The call to action comes as the broadcaster announced a new “action plan” which aims to move "power and decision making" outside of London, yesterday. (18 March)
Unions has warned that moving BBC jobs to Leeds doesn’t reverse deep cuts to regional BBC journalism in Yorkshire.
While Northern television and business leaders have said the BBC’s plans have only given a “starting point” for the broadcaster to diversify and give more powers to the North.
Under the proposals, entitled: The BBC Across the UK plan, that the organisation’s 22,000 employers were briefed on yesterday, roles will be moved out of the capital and moved to cities including Leeds, Birmingham and Salford - which will become the main base for its digital and technology teams.
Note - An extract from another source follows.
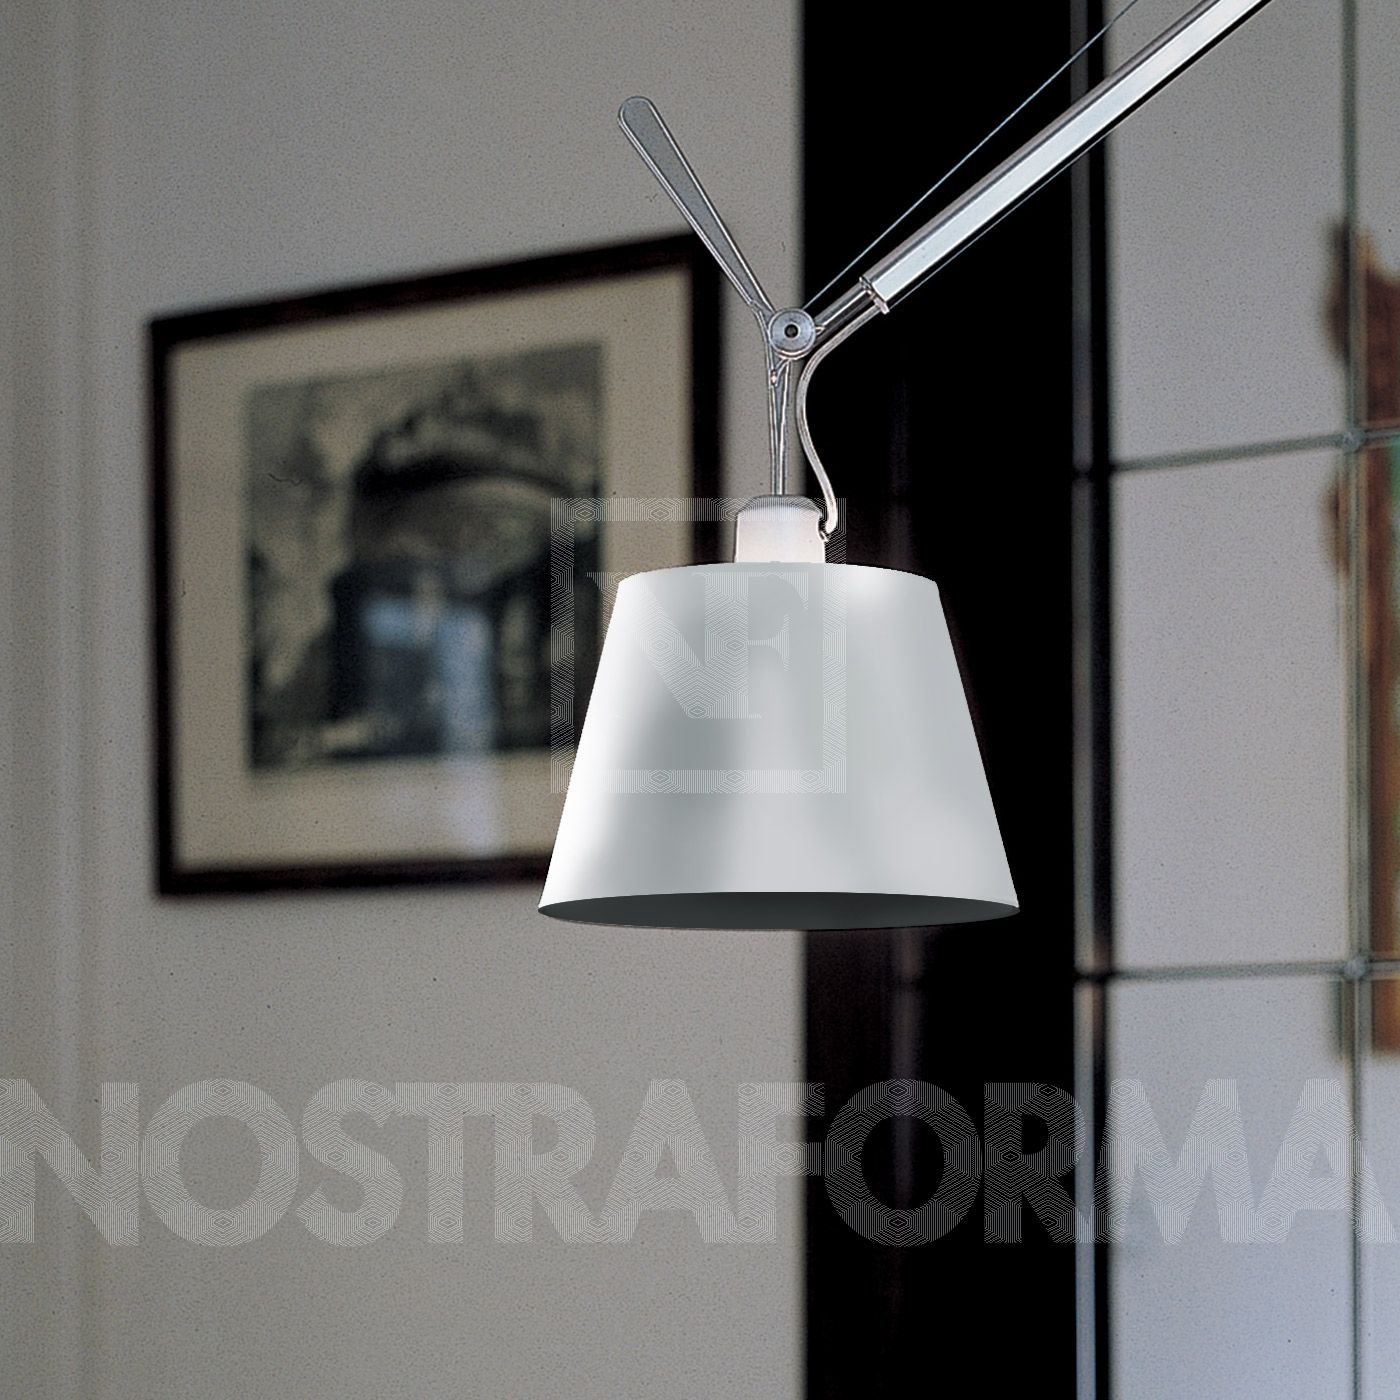 Artemide Tolomeo Mega Terra Stehleuchte Design Leuchten Lampen Mobel Bei Nostraforma Stehleuchte Design Design Leuchten Und Lampen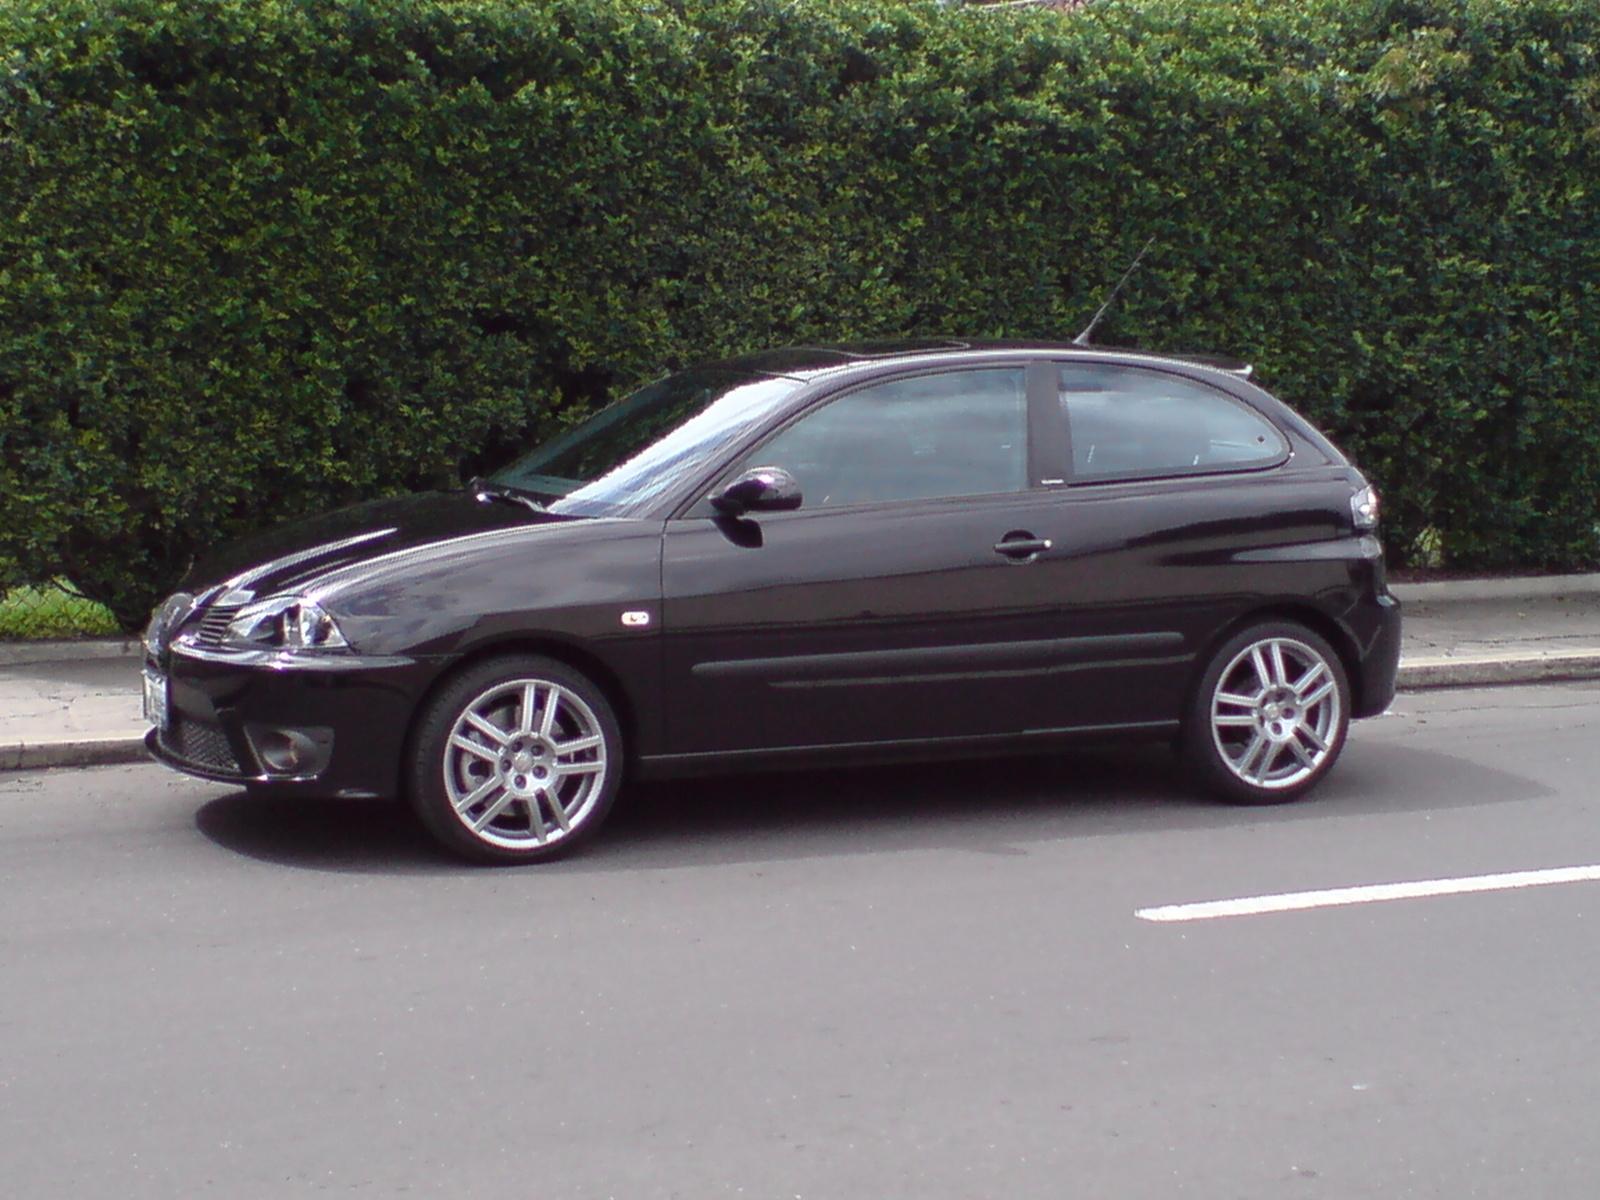 Original furthermore  moreover Seat Ibiza Pic X together with Seat Ibiza Pic X together with Seat Alhambra Pic. on 1997 seat ibiza pictures cargurus

Across Yorkshire and the Humber the plan would see two BBC news teams - the learning and identity team and some of the new UK insight team - move to Leeds. While also creating 20 funded bursaries with the National Film and Television School in the city.
A new learning hub will be created in Hull with the aim to open up training for young people and a new peak time radio service will be launched in Bradford.
While a tailored BBC One across Yorkshire, North West and North East England, with new marketing campaigns catering for the region.
And a new long-running drama series is also set to be produced in the North, the location not yet announced, and broadcast across the country.
Screen Yorkshire - the region’s film and television agency, said that latest plans 'lack detail' over exactly how the region will benefit.
Sally Joynson, the chief executive for Screen Yorkshire, said: “I think the headlines suggest a genuine commitment to the North.
“The big agenda is about opening opportunities outside of London - and this is what this speaks to and if they can actually deliver on this - then we would expect to see a very different BBC and that will be reflected both on screen and off screen.”
She added: “In the North these are all licence fee payers - therefore they have every right to see their communities, their stories, their people, their voices heard on the BBC and this indicates that this is the direction the BBC is going in.
"There is nothing I have seen about how they are actually going to do it.
"The general direction of travel - this looks very promising - it looks very exciting, it’s what we would expect the BBC to be doing at this stage in it’s life.
"The finer detail is what we need to drill down into - to actually understand exactly which opportunities it will open up for Yorkshire and the wider North.”
According to the National Union of Journalists, the proposals will result in 600 job losses at BBC News.
The BBC had previously earmarked 450 jobs to go in news as part of a cost cutting exercise across it’s whole organisation.
Paul Siegert, the NUJ national broadcasting organiser, said: “We welcome more diversity and creating more content out of London is a good thing, as is extra investment in apprenticeships.
"However, it’s strange that at the same time the BBC is talking about the importance of getting out of London and investing in the regions as a means of better serving the audience, it has also axed 450 posts in English regions and cut £25m from that budget."
Bill Adams, the Yorkshire and the Humber regional secretary for the TUC said the new BBC plan didn't go far enough to reverse deep cuts to regional BBC journalism in Yorkshire.
He said: “Whilst we welcome job creation in the region, we’re clear that the best way the BBC can support the levelling up agenda in Yorkshire is by investing in the high quality local and regional journalism that can hold this government and rogue bosses to account.
“The BBC bosses should be dedicating more resources to local and regional reporting, not cutting 450 staff as they announced last year.”
Over the next six years, the BBC said it will give “more prominence” to stories from communities across the North as part of what the organisation has described as the “biggest journalistic reshaping” of the BBC in its history.
Tim Davie, BBC director-general, said: “Our mission must be to deliver for the whole of the UK and ensure every household gets value from the BBC. These plans will get us closer to audiences, create jobs and investment, and develop and nurture new talent.
He added: “As we look to the future, we must play our part in supporting social and economic recovery; rebuilding the creative sector and telling the stories that need to be heard from all corners of the UK.”
Helen Thomas, director of BBC England, added: "This is brilliant news for Yorkshire.
"I’ve worked in Yorkshire for most of my career and there has never been a better time to be in the media here.
"There is the overall story that will see the BBC spend more money and make programmes in places like Yorkshire in the future, which offers a great opportunity for the creative and media sector.
"If people have questions, we’d be happy to answer them but I see this as great news for Yorkshire."